Generate `toBuilder` overrides with covariate return type

aabdagic commented 5 years ago

At the moment toBuilder methods are only defined on the GeneratedMessage, which means they are always of type GeneratedMessage. This works poorly when no-implicit-casts is used as it requires explicit casting to the actual type.

sigurdm commented 5 years ago

I see the problem. I had hoped to avoid generating toBuilder for each subclass.

The real solution as I see it is to make GeneratedMessage generic

class GeneratedMessage<M extends GeneratedMessage<M>> {
  ...
  M createEmptyInstance();

  M toBuilder() {
    final result = createEmptyInstance();
    result._fieldSet._shallowCopyValues(_fieldSet);
    return result;
  }
 ...
}

The message classes would then be like:

class Foo extends GeneratedMessage<Foo> {
  ...
  Foo createEmptyInstance() => new Foo();
  ...
}

I don't really know how this would affect code size and performance, and how hard the migration would be.

I guess the generic type would take up a field in each message instance. And that there would be inserted implicit checks a number of places.

@rakudrama, @nichite any insights?

Possibly it is not too bad. built_value does this already.

(https://github.com/google/built_value.dart/blob/master/built_value/lib/built_value.dart#L11)

eernstg commented 5 years ago

Just as an aside from a language evolution point of view, this would be a good example of a situation where a proper self-type and the ability to require re-implementation would work well:

class GeneratedMessage {
  ...
  This createEmptyInstance();
}

class Foo extends GeneratedMessage {
  ...
  This createEmptyInstance() => new Foo();
}

This would make it possible to know at call sites that the returned result has the same type as the receiver, and given that the static type of the receiver is a subtype of the dynamic type this would always allow us to get an optimal and safe approximation of the actual type of object returned.

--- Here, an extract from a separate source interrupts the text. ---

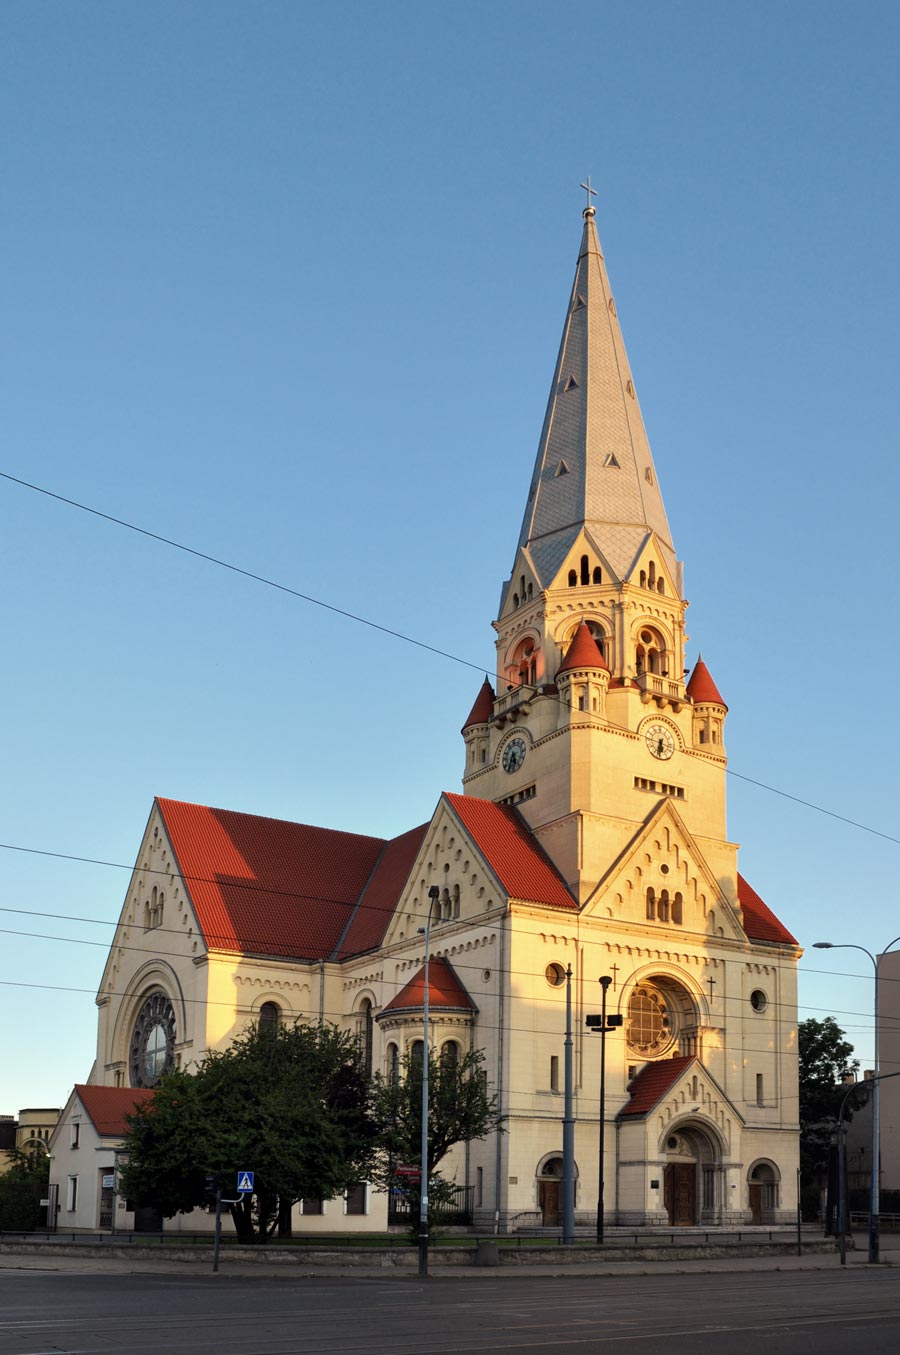 Kościół ewangelicko-augsburski w Łodzi (św. Mateusza)

The implementation Foo.createEmptyInstance is not safe: there will be a dynamic check when a Foo is returned), and if a subclass SubFoo inherits this implementation then this check will fail.

It wouldn't be hard to make it safe, however. We could have support for a kind of marker (for instance, we could annotate createEmptyInstance in Foo with @notInheritable) which would indicate that the implementation of createEmptyInstance can not be inherited by concrete subclasses of Foo, they must have their own overriding implementation if the method otherwise inherited has this marker. It's OK for an abstract subclass to omit this overriding.

(With the code generation approach there would have to be an overriding declaration in every subtype of GeneratedMessage, presumably abstract in abstract classes, or the typing would not be optimal at call sites.)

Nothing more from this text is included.